If you want to cut the bullshit and be sure there's mutual interest, it's a good idea to be specific. Here are some examples:
Person getting the number:
Option 1: "Would Monday evening be a good time to call? ... OK, I'll call you around 6 on Monday."
Option 2: "Is there any time you'd prefer I call? ... You're busy until Thursday but will be home mid-afternoon? I'll give you a call around 3 then."
Person giving the number:
Option 1: "So, when should I expect to hear from you? I have a busy schedule and if you know you'll be free I can tell you if I'll be around or if you should leave a message."
Option 2: "I'm at work and going to a friend's place tomorrow, but if you call me on Monday night I should be free."
The trick here is that you can prove that you're both reliable, and both of you know that there's genuine interest. The ideal thing to do is exchange numbers just in case someone loses it (you're probably both drunk when you meet, right?)
As for the number of calls, leave a brief but not boring message that clearly identifies you (name, where you met,) either leave your number if you didn't give her yours, don't leave it if you did (you'll see why in a bit,) mention something you talked about ("It was cool to find someone else who likes to talk about philosophy as much as I do,") or what you did ("I had a great time dancing with you, I'd love to do it again sometime,") then hang up and give her a few days to call you back.

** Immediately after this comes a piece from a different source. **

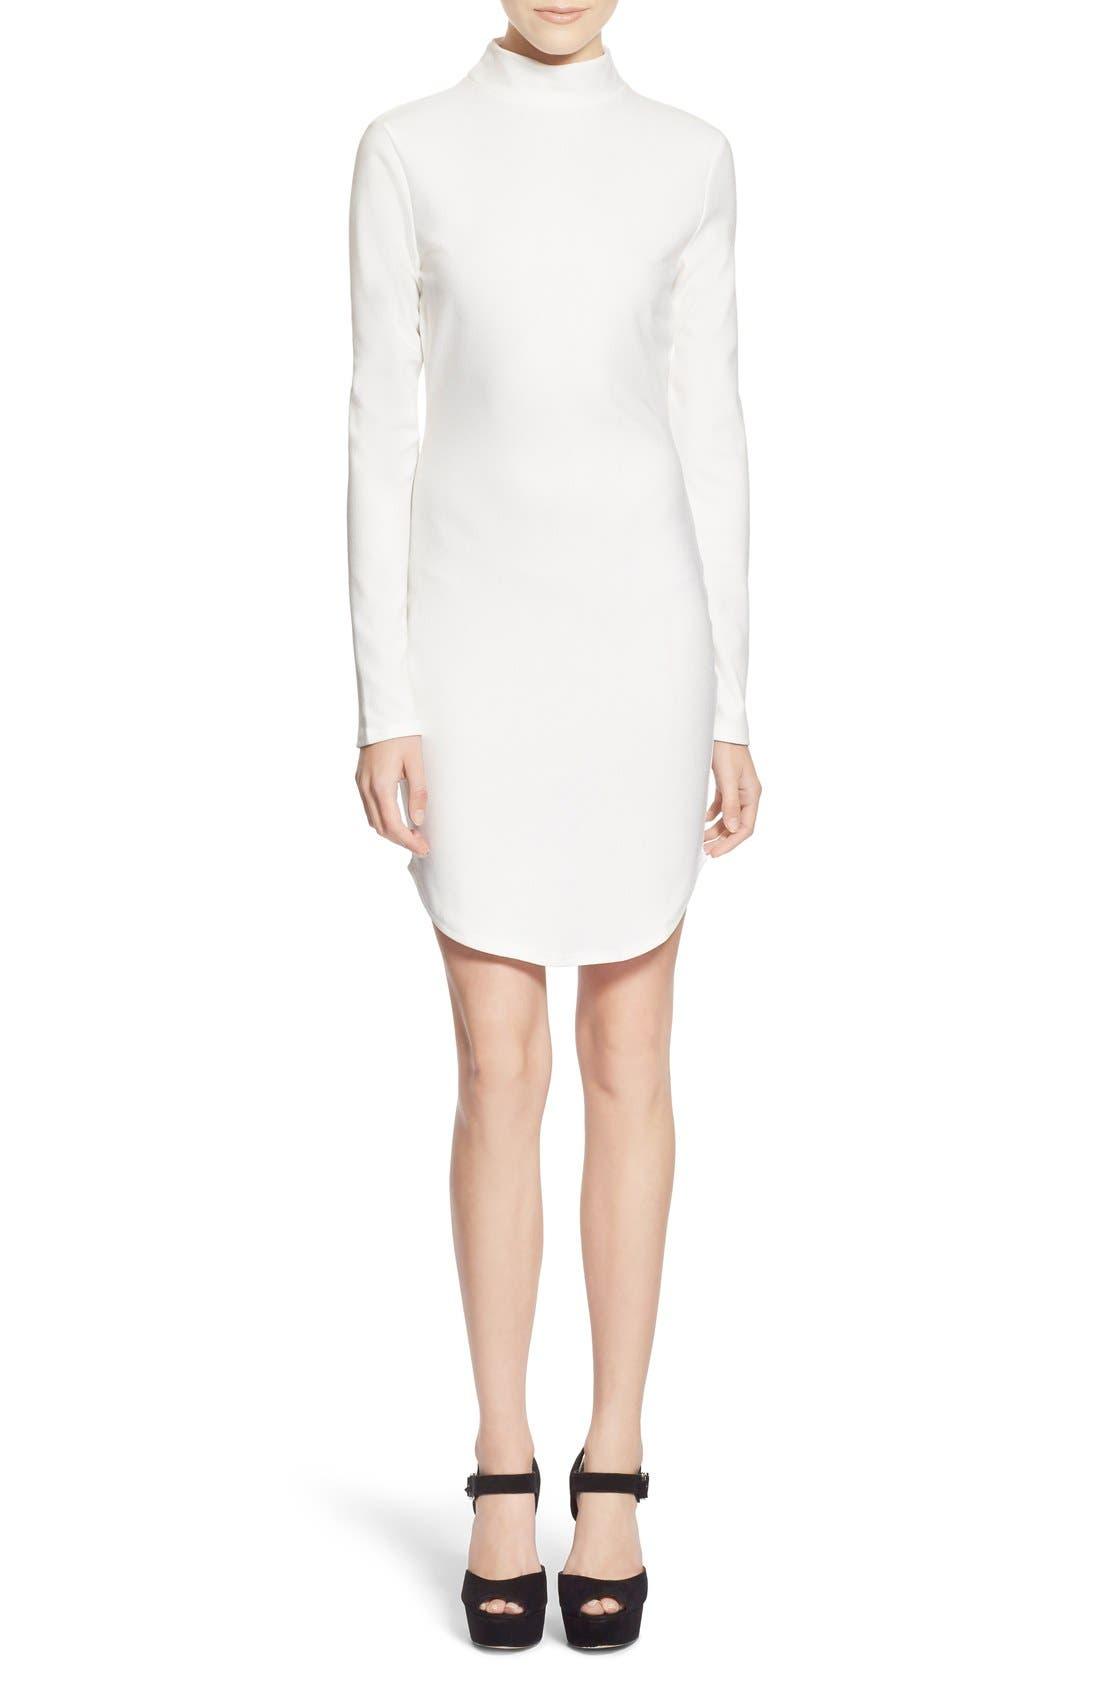 Alternate Image 1 Selected - MissguidedMock NeckSheath Dress

If you're really interested, give her a reasonable amount of time to call you back (use your judgment on what's reasonable. For example if you're both in college and on break you'd wait less time than if you were out for one last night of boozing before finals week, and if she's a tax attorney she would call you back quicker if you left the message on April 16 than if you left it on April 12th, you get the idea,) then leave a second message saying something like, "Hi, it's [your name], I called the other day when you said you'd probably be around and I thought I'd hear from you by now." If you exchanged numbers and therefore didn't leave it with the first message, you can say "If you lost my number it's ..." and if you left it with the first message say something like "And again, my number is ..."
If you don't get a call back after the second call, she's not interested. The point of the second call if you're really interested is to 1: rule out the chance that something completely unexpected prevented her from getting the first message; 2: let her know that it's fine to call a bit later if she wasn't sure before and warmed up to the idea of getting together since the first call but didn't know if too much time had passed; 3: convince someone who's still unsure that you're definitely interested and might be worth it.
There is no one method that will work for everyone and nothing will work on everyone. You have to be willing to accept failure to ensure success. Keep trying and you won't have to fit into a mold and obey any rules to succeed and be happy.